YOUR OBJECTIVE -> Take the entries below and reproduce exactly the portion that begins at the line containing "Types of forceps" and ends at the line containing "FC BARCA-PARIS: 2", keeping both ends, dropping pictures, and adding nothing else.

[RECORDS FOR THE EXERCISE Boundary: Start]

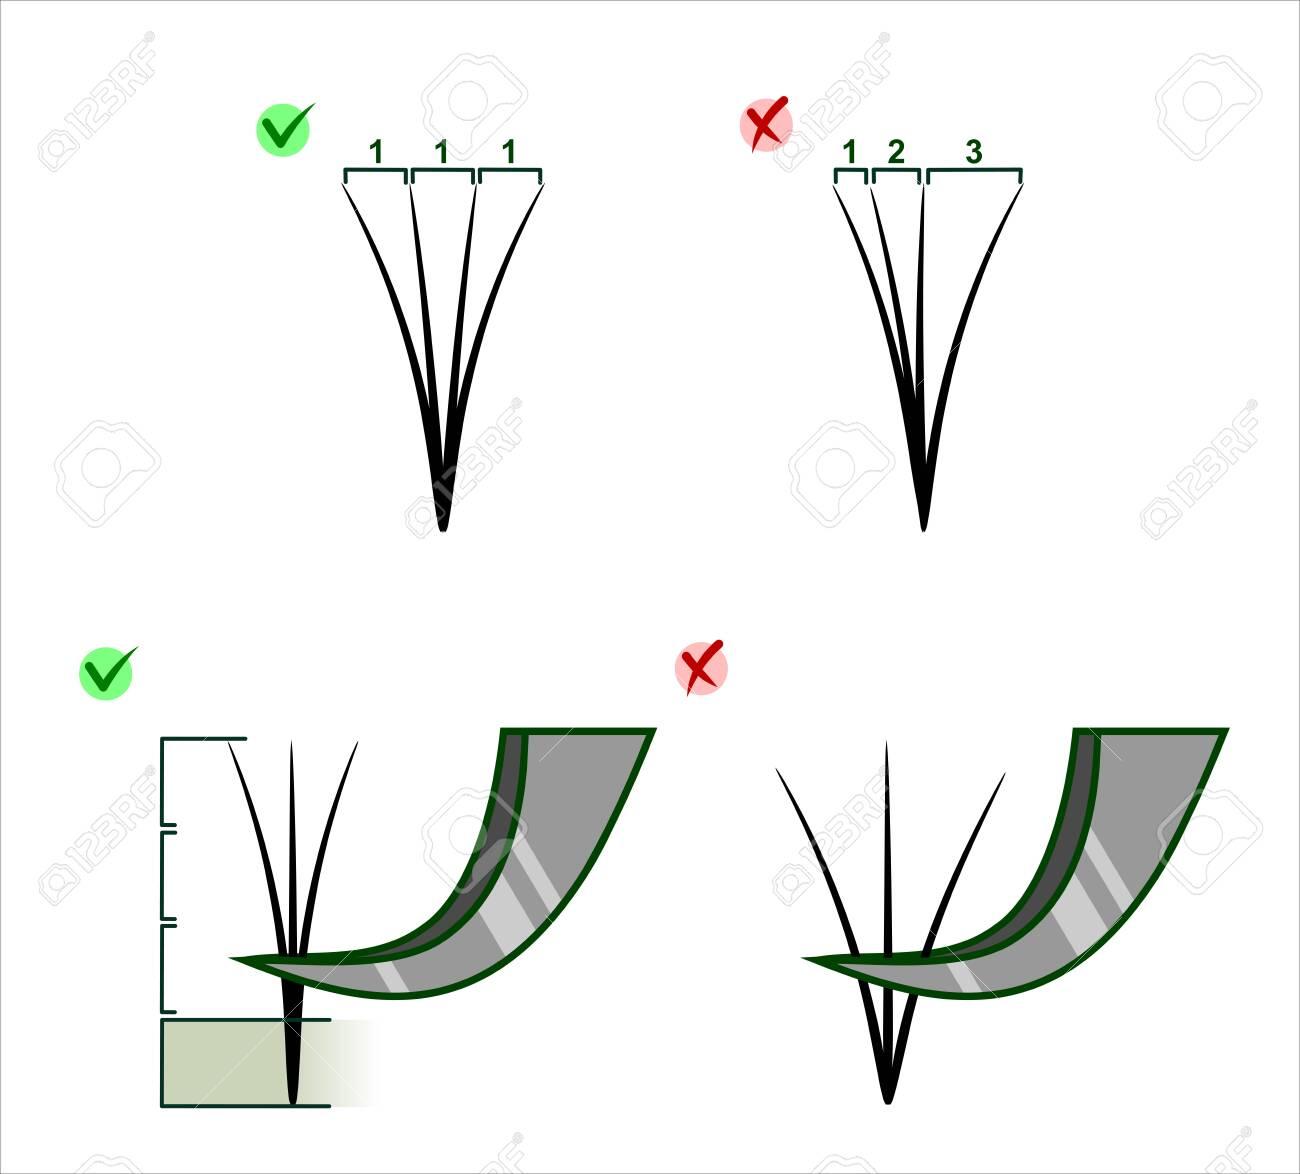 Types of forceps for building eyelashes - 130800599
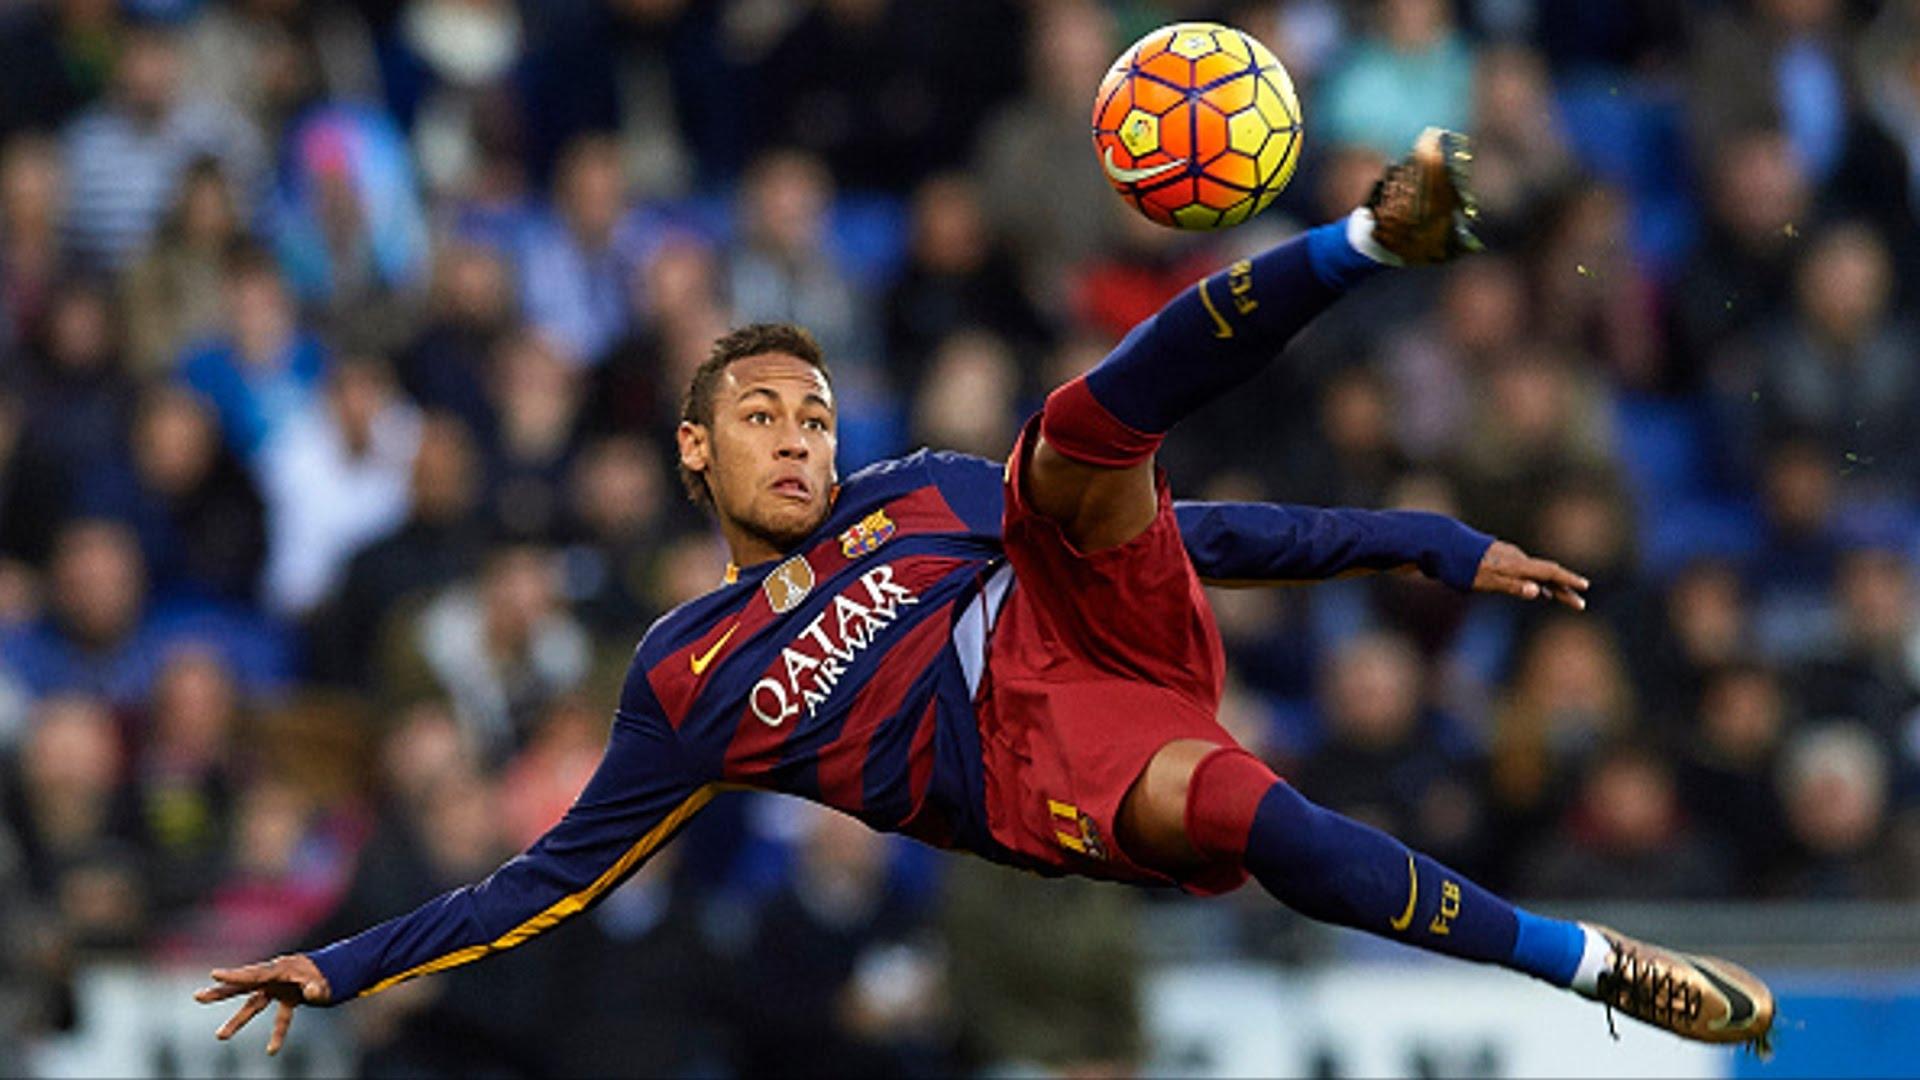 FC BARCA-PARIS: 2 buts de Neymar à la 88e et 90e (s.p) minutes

[RECORDS FOR THE EXERCISE Boundary: End]
[RECORDS FOR THE EXERCISE Boundary: Start]

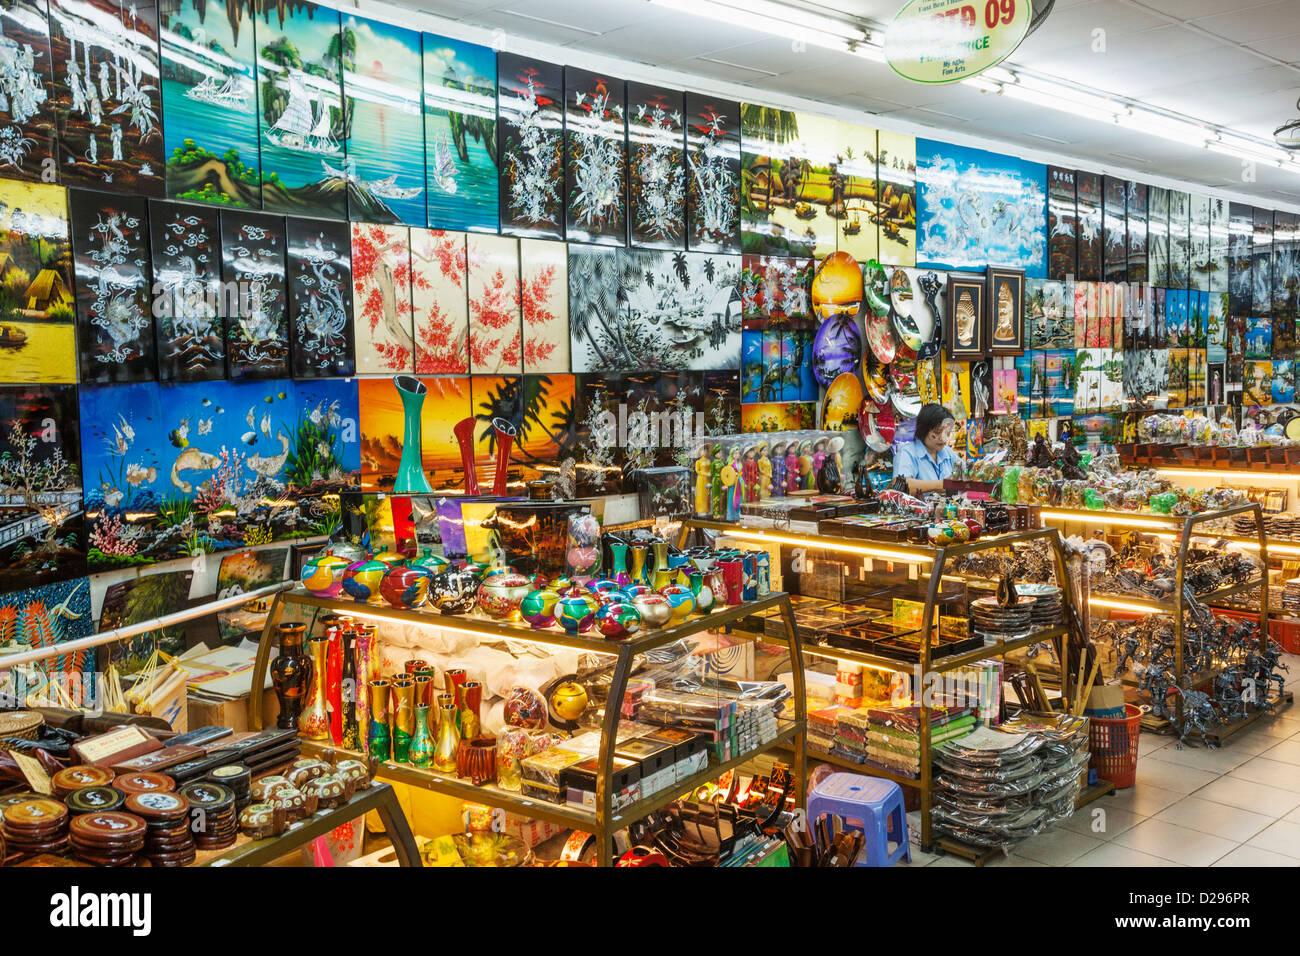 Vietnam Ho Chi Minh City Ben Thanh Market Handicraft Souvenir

[RECORDS FOR THE EXERCISE Boundary: End]

ANSWER SECTION ->
 Types of forceps for building eyelashes - 130800599
 FC BARCA-PARIS: 2 buts de Neymar à la 88e et 90e (s.p) minutes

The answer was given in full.